What’s Healthy Now?
There has been a lot of conversation lately about “healthy” and I must admit it made me take a minute and ask myself “So what do people think is healthy?” In working with clients over the years, I’ve learned the definition of the word or the interpretation of healthy can mean a ton of things. Because these differences in opinion on healthy can be a challenge to staying on point in the well-being lifestyle, I hope today’s post will help clear things up.
I found several definitions, but the one that I think is most suitable is the definition from the British Dictionary —healthy is the state of being bodily and mentally vigorous and free from disease. The definition penned by the World Health Organization (WHO) is “Health is a state of complete physical, mental and social well-being and not merely the absence of disease or infirmity.” And then when going to the Food and Drug Administration (FDA) for guidance, you may really be in a pickle.

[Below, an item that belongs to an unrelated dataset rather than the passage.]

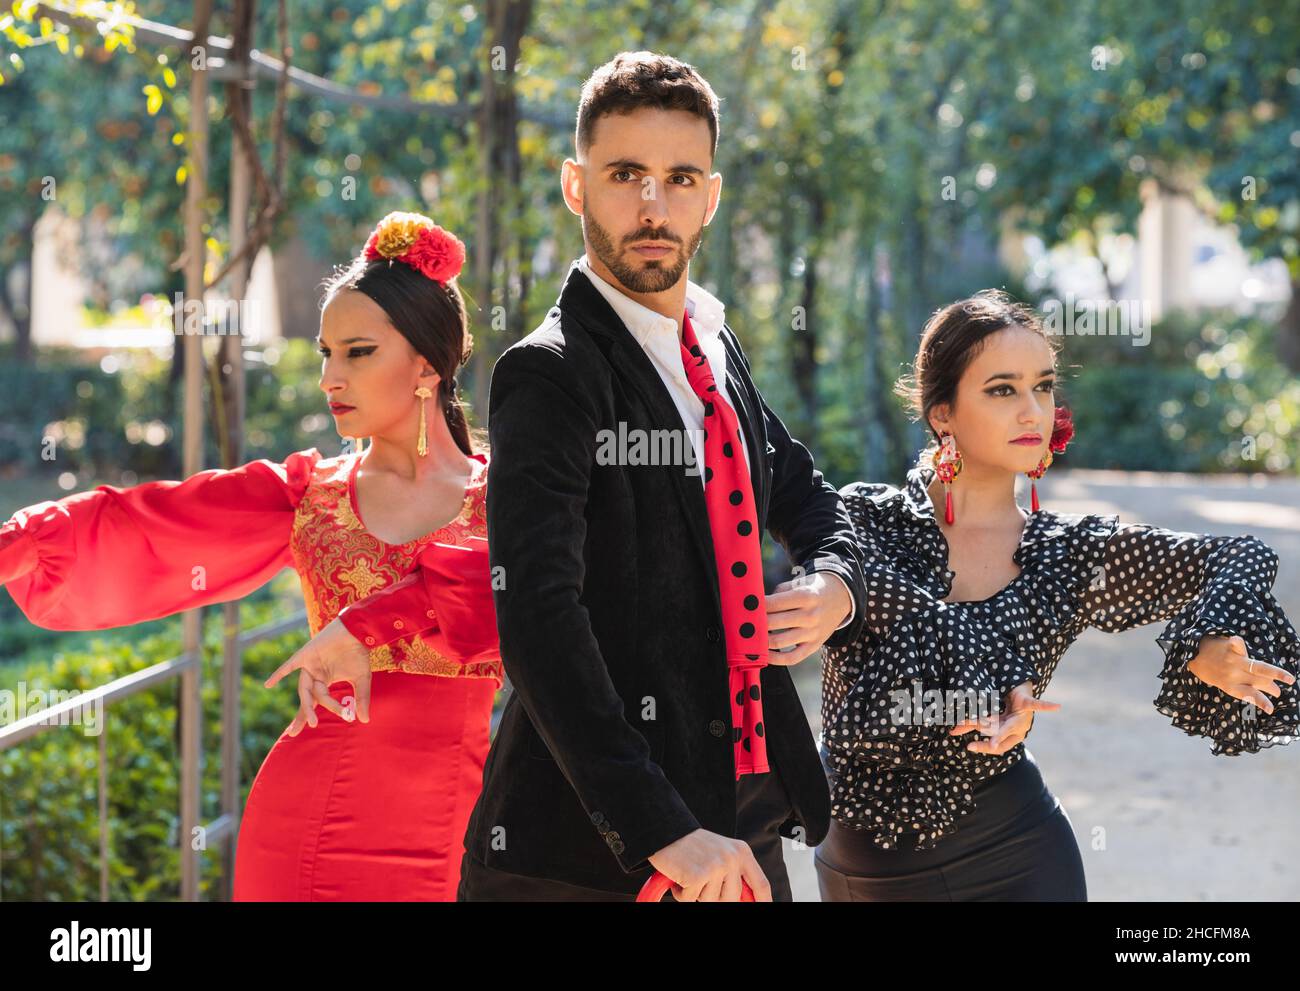 Trois personnes en robe traditionnelle flamenco danse flamenco en plein air Banque D'Images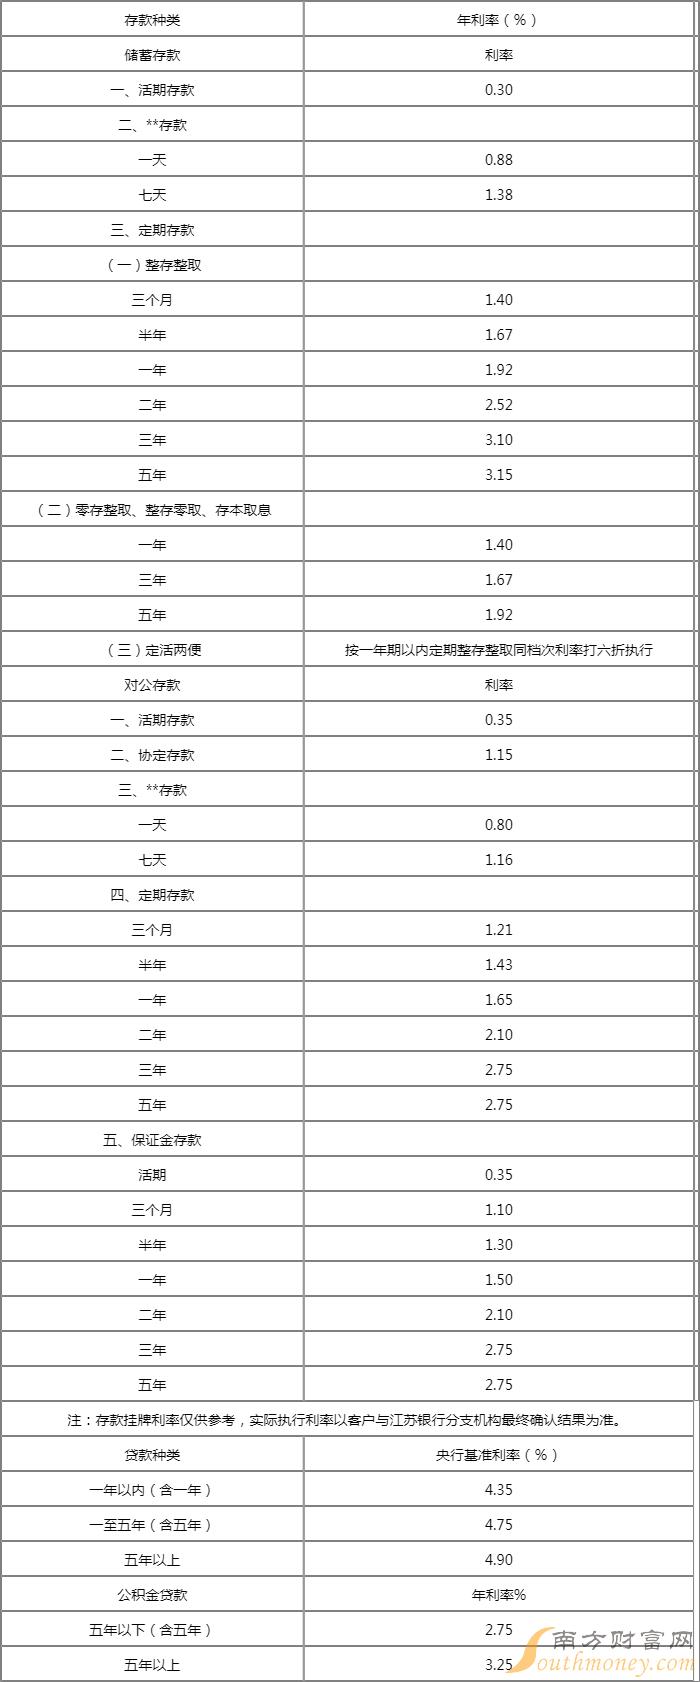 2022年江苏银行公积金贷款利率表调整查询

They currently allow use of the term “healthy” on product packaging only when products meet specific nutrient criteria, which now focus on limited levels of fat, cholesterol and sodium. Now in today’s environment of health and nutrition, the current FDA guide leaves several foods out that contain good and plenty of beneficial nutrients.
Almonds, avocado and salmon miss the mark according to the FDA. Here is an overview of what these foods bring to the health table.
Almonds are powerhouses of nutrients. Of the tree nuts, ounce for ounce, almonds are the most nutrient-dense. They contain protein, fiber, calcium, vitamin E, riboflavin and niacin.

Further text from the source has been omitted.